- Education: Manhattan School of Music
- Occupations: vocalist, educator
- Musical career
- Website: www.chareneewade.com

= Charenee Wade =

American jazz musician

Charenee Wade is an American jazz, soul and R&B singer, composer, arranger, improvisor, and educator.

==Early life==
Charenee Wade was born and raised in Brooklyn, New York, United States and began singing at the age of 12. She participated in the Betty Carter's Jazz Ahead Program performing her original music at the Kennedy Center in Washington, D.C. She participated in the Dianne Reeves Artists Workshop at Carnegie Hall in New York City. Wade was selected for the JAS Academy Summer Sessions as a young artist in 2007-2009 which was directed by Christian McBride. Her earlier influences in music was Sarah Vaughan and Betty Carter.

==Career==

Wade is an international and national performer. She is well studied in jazz and classical music. She has performed at the Jazz Gallery, Zinc Bar, Lincoln Center's Dizzy Coca-Cola's, Smalls in New York City. Her debut album was Love Walked In which was released in 2010.
Wade has been a featured singer in many trios, big bands, etc., being featured on the Grammy nominated Big Band Urban Folktales and double Grammy nominated Multiverse CDs with the Bobby Sanabria Multiverse Big Band, to a 100-piece Jazz Philharmonic Orchestra.

She has studied with Carmen Lundy, Peter Eldridge, Bob Stewart, Miles Griffith, Lenora Zenzailai Helm, Luciana Souza, Cecil Bridgewater, Pamela Baskin-Watson.

Wade has performed at Festival du Riou, the Montreaux Jazz Festival, and the Ascona New Orleans Jazz Festival. She opened for Herbie Hancock at the Clifford Brown Jazz Festival in 2003.
She was on tour with the Oleg Butman Trio performing at various venues in Moscow, and the Province Jazz Festival in Orenburg.
In 2004, she performed with Rufus Reid the bassist-composer.

Her second album is a tribute to the work of Gil Scott-Heron, and is titled the “Offering: The Music of Gil Scott-Heron & Brian Jackson”. It was released on the Motéma Music label.

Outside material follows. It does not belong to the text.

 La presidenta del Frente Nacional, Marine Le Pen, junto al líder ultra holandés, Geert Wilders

The album features Christian McBride, Lakecia Benjamin, Dave Stryker, Stefon Harris, Marcus Miller, Malcolm-Jamal Warner.

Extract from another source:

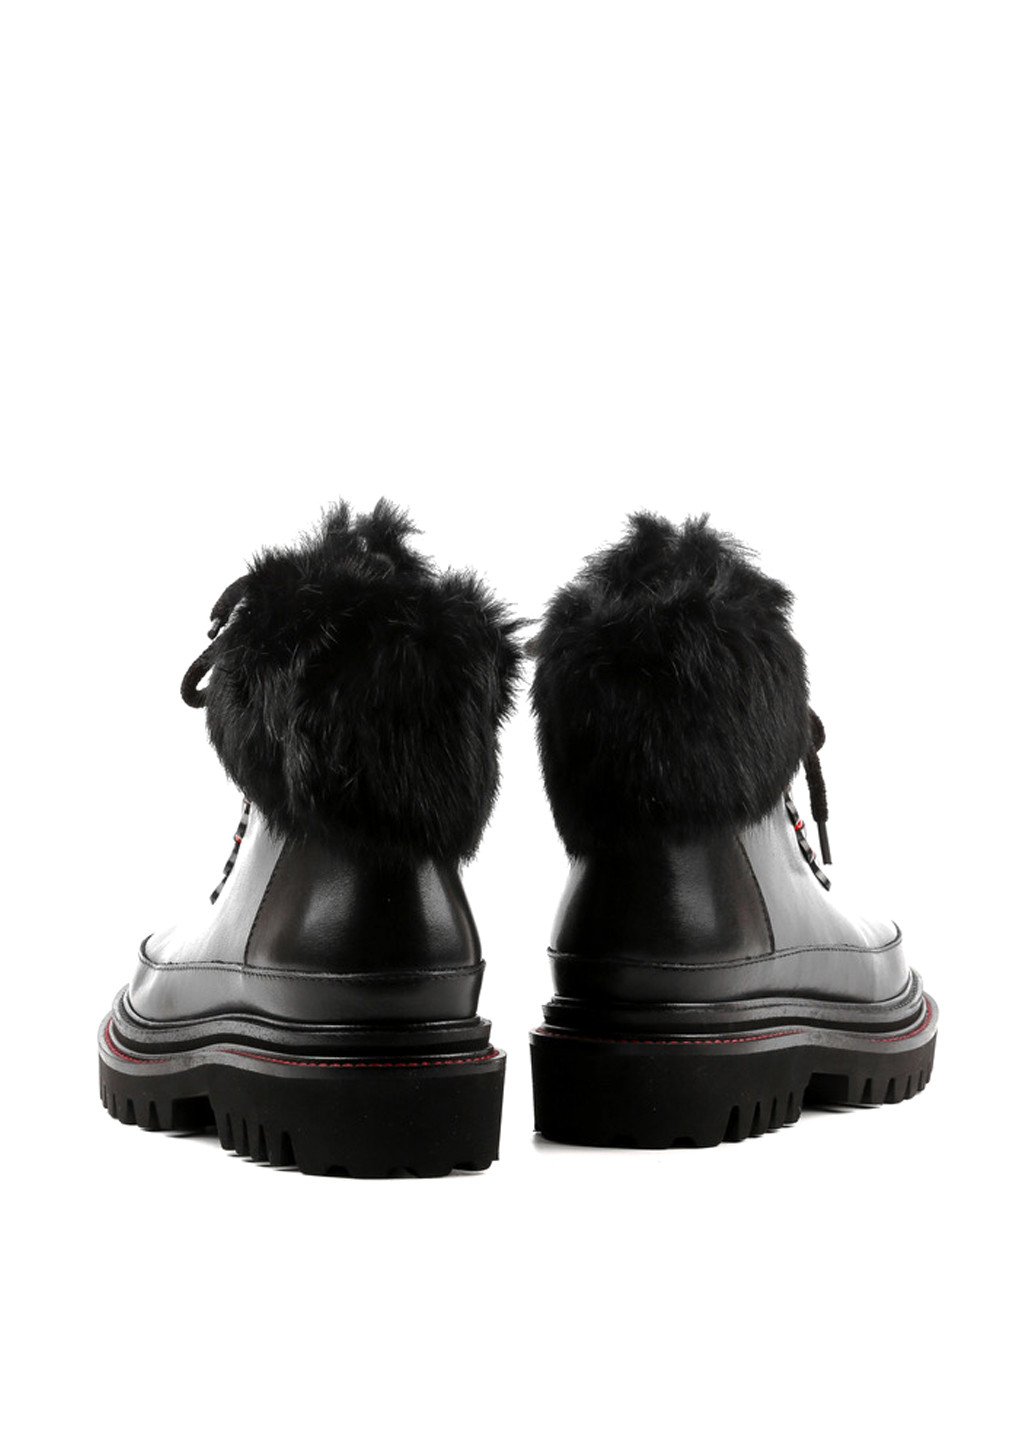 Зимние ботинки Le'BERDES со шнуровкой, на тракторной подошве, с мехом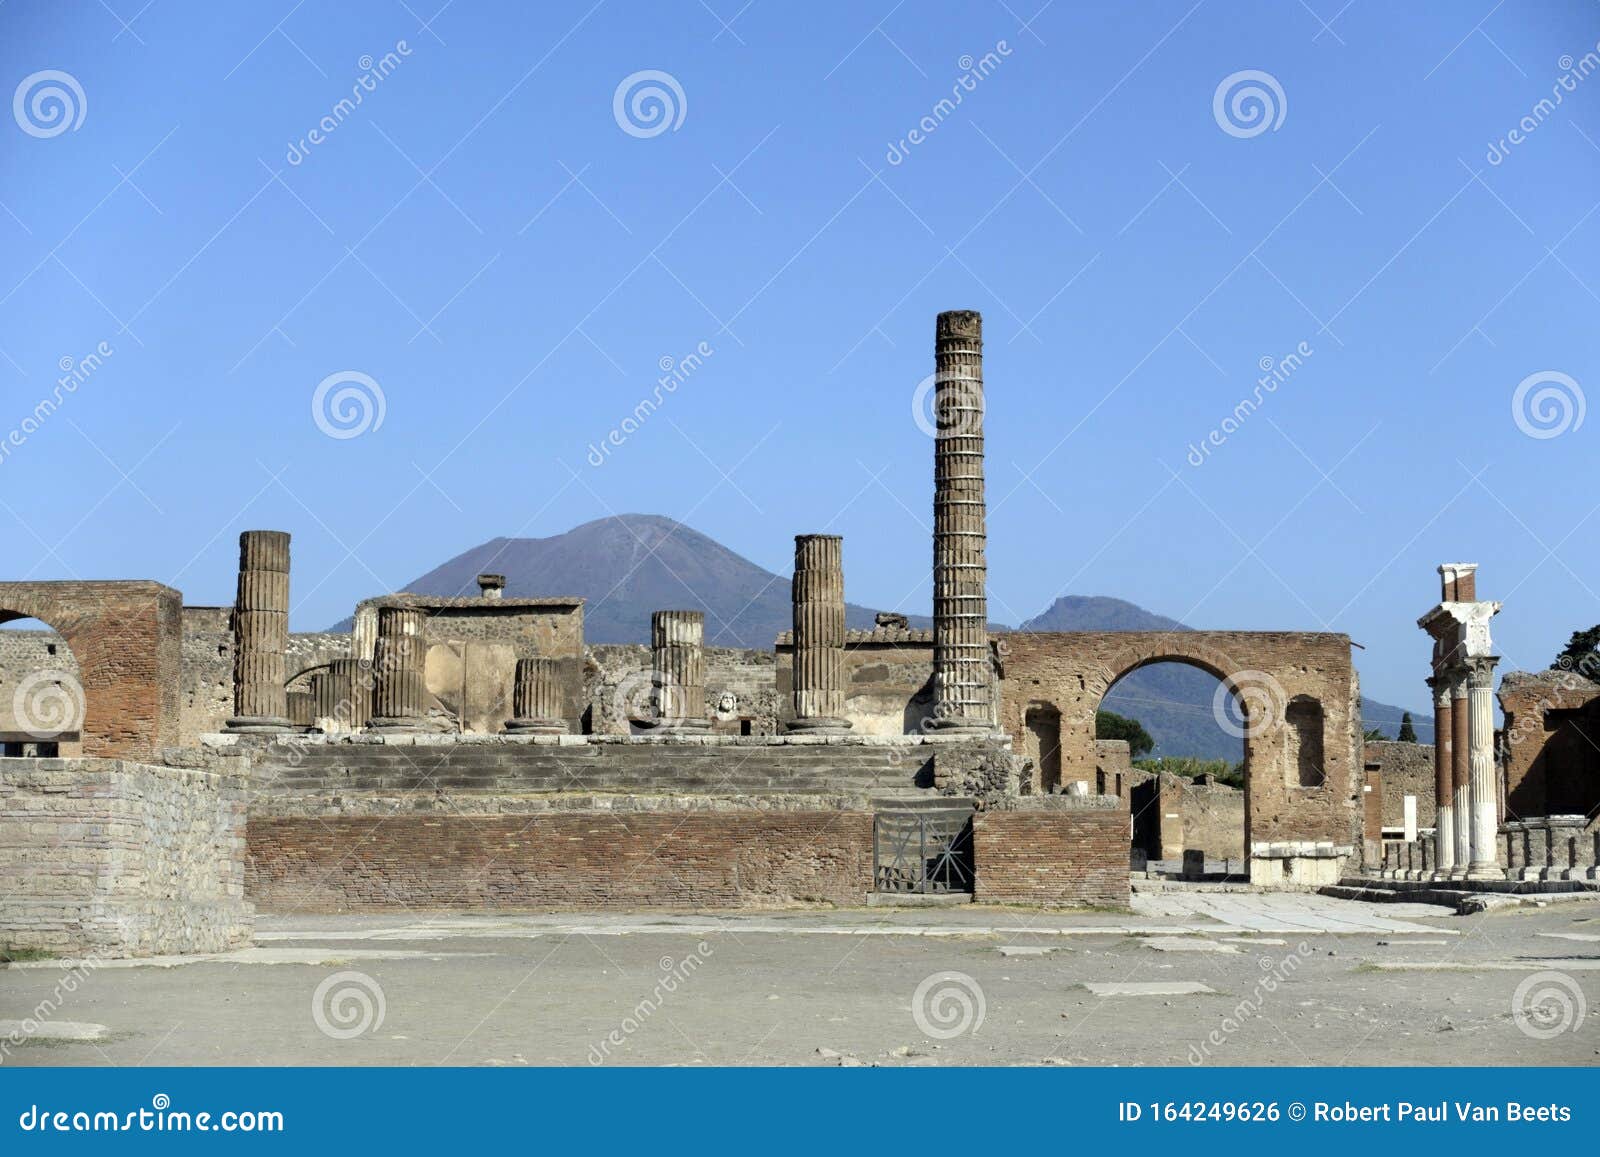 tempio di giove, pompeii

She has been a guest vocalist on album releases by Tia Fuller, Eric Reed, and the Eyal Vilner Big Band.

2014 - December to January 2015 - Starred alongside Cyrille Aimée, Allan Harris and an eight-piece band including saxophonist Camille Thurman and bassist Mimi Jones in Alex Webb (musician)'s jazz theatre show Cafe Society Swing at New York's 59E59 Theaters, attracting positive reviews including a Critic's Pick from the New York Times.

2015 - October - Special guest vocalist with the Rob Garcia Sextet tribute to the music of Max Roach.

2017 - August - Charlie Parker Jazz Festival with the Lee Konitz Quartet / Terri Lyne Carrington and Social Science / Louis Hayes / Charenee Wade.

Artists who have performed with her band & artists she has performed with; Brandon McCune, Paul Beaudry, Alvester Garnett, Lakecia Benjamin, Nikara Warren, Brandon McCune, bassist Lonnie Plaxico, Alvester Garnett, Brianna Thomas, Catherine Russell.

2017 - October - Wade in Shanghai, China with Camille Thurman Group at the Jazz at Lincoln Center in Shanghai with pianist and composer Helen Sung.

2017 - October - Wade Wade and Camille Thurman Quartet, and with vocalist Sachal Vasandani, Jazz at Lincoln Center Shanghai at The Central in the Bund, Shanghai, China.

== Teaching ==
She teaches workshops and music clinics, and has been a talent judge in music competitions. She is a professor at the Aaron Copland School of Music in New York, and teaches with the Jazzmobile workshop program. She also teaches teenagers at New Jersey Performing Arts Center. She says as an educator, "The goal is to help each individual to acquire the essential skills needed to become well-rounded musician, while nurturing their passion for music. I strongly believe that music has the power to change lives and through self expression, can bring positivity to communities for the betterment of society and culture".

She has also taught at the New Orleans Louis "Satchmo" Armstrong Jazz Camp.

==Awards==
She was first runner up in the 2010 Thelonious Monk competition.

==Discography==
- 2011 - Love Walked In (Self-Produced)
- 2015 - The Offering : The Music of Gil Scott-Heron & Brian Jackson. On the Motéma Music label. The album features Christian McBride, Lakecia Benjamin, Stefon Harris, Marcus Miller, Malcolm-Jamal Warner.